A developer at Tencent Video games agreed that work was usually all-consuming. “Outwardly, I seem very calm,” he mentioned. “However the strain is intense, we’re like gears grinding till they break resulting from lack of lubrication.
“On weekends, if I don’t need to work extra time, I shut myself in for 2 days so I don’t have to speak.” He blamed neijuan and the shortage of unbiased employee unions for the scenario.
Tencent, ByteDance and JD didn’t reply to requests for remark.

Nonetheless, for a lot of in China, tech stays the most effective sector to work in. Contemporary graduates are attracted by corporations’ relative meritocracy, the place onerous work and robust efficiency can result in social mobility. The business has among the many highest-paying jobs within the nation, particularly as Beijing put strain on monetary establishments to cut back workers salaries.
“The rationale I keep is straightforward — the pay is excessive,” mentioned the TikTok worker. “It’s a spot the place bizarre folks can take pleasure in alternative by means of onerous work.” Firms additionally typically supply perks comparable to free meals and onsite gyms.
Tech staff have made some progress pushing again towards lengthy hours.
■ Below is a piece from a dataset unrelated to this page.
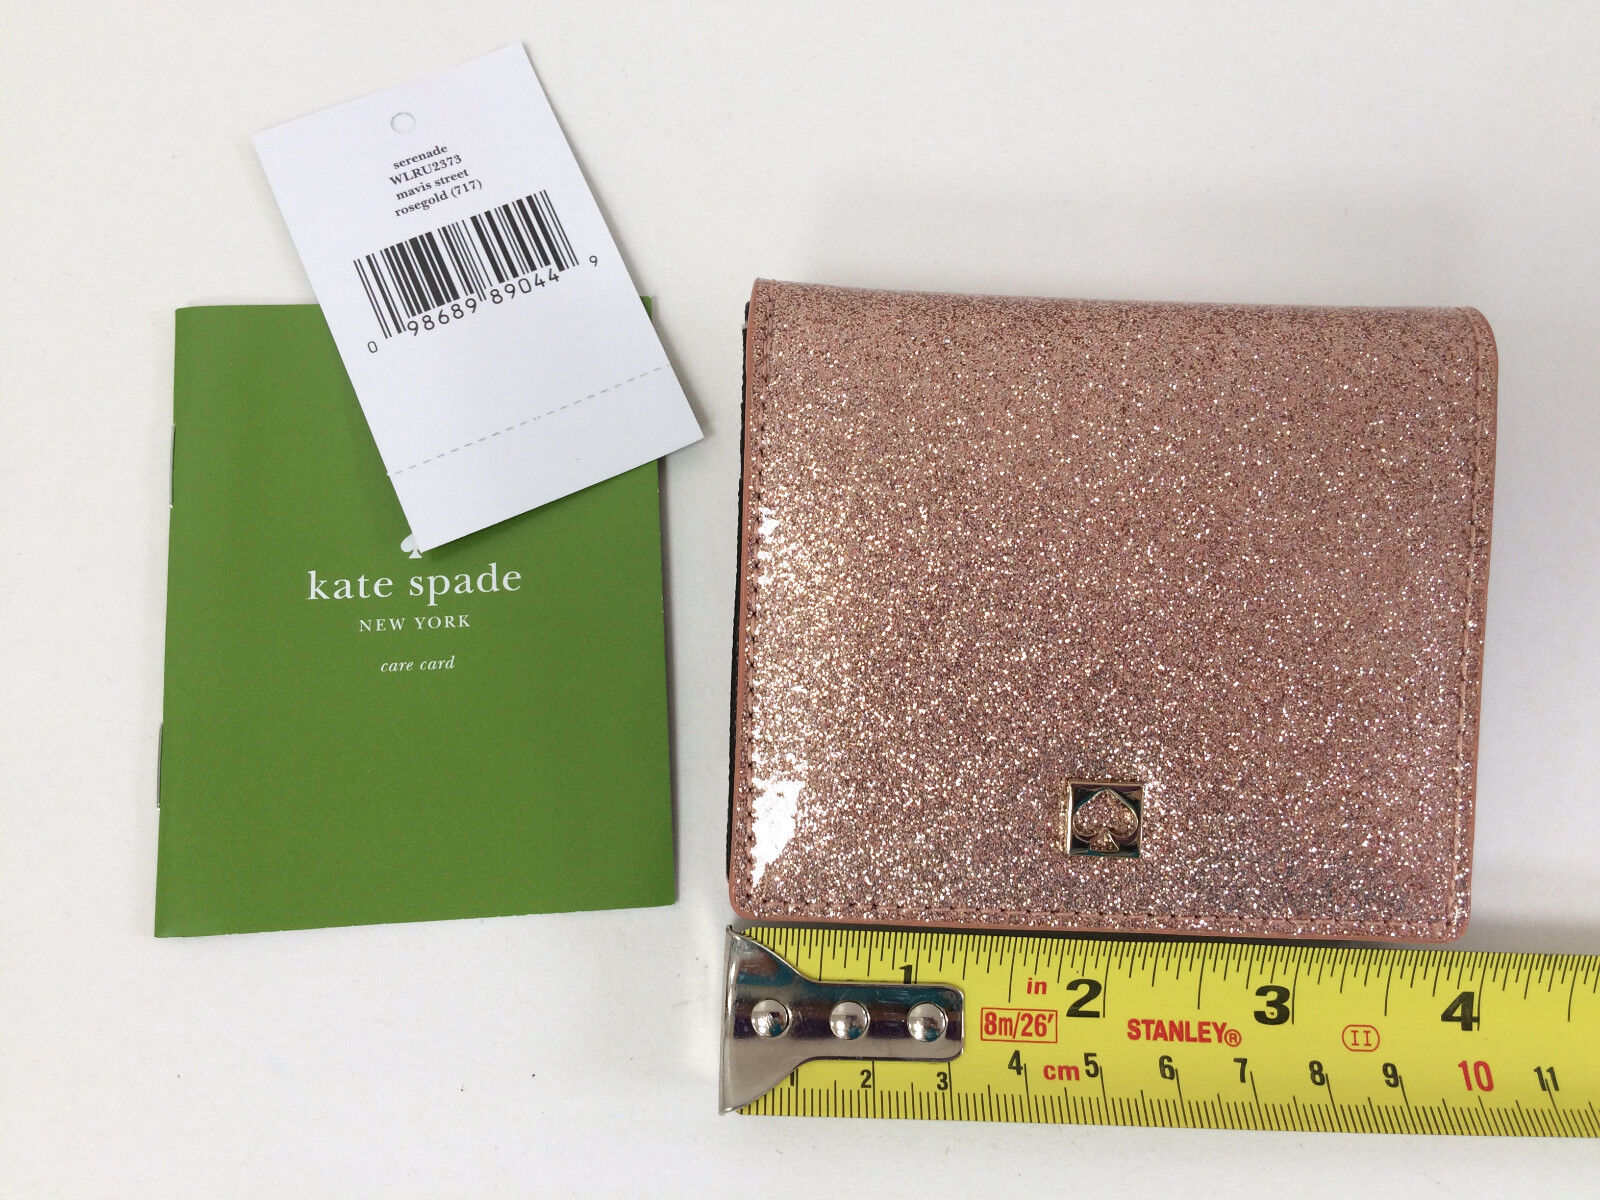 NWT Kate Spade Mavis Street Neda MD Davis Serenade Wallet Cosm Case

In 2019, programmers organised a marketing campaign towards the business commonplace 996 hours. It grew to become referred to as 996.icu, a tongue-in-cheek reference to a saying that the work schedule ends with admission to intensive care. They gathered on GitHub, past the attain of Beijing’s censors.
The anti-996 motion briefly received the sympathy of state-run media. In 2021, with President Xi cracking down on personalities comparable to Ma, China’s supreme courtroom declared the 996 schedule unlawful. The victory didn’t come with out prices. Authorities detained three labour activists concerned within the marketing campaign and sentenced them to jail phrases of two to 5 years.
Tech sector workers report that expectations for normal in-office Saturday work has ended at most corporations, despite the fact that weekday hours stay lengthy.
However for bosses dealing with China’s intensely aggressive tech area, the drive to push workers persists.
Li Ming, a tech founder, mentioned he was considering learn how to get his small workforce to work tougher, including he was sad some workers left earlier than he did every night.
“On the one hand I perceive my workers leaving at 7.30pm each evening, they’ve households to get again to,” he mentioned. “Alternatively, I would like them to work to 9 or 10, that’s what our opponents do. How can we survive if we don’t as nicely?”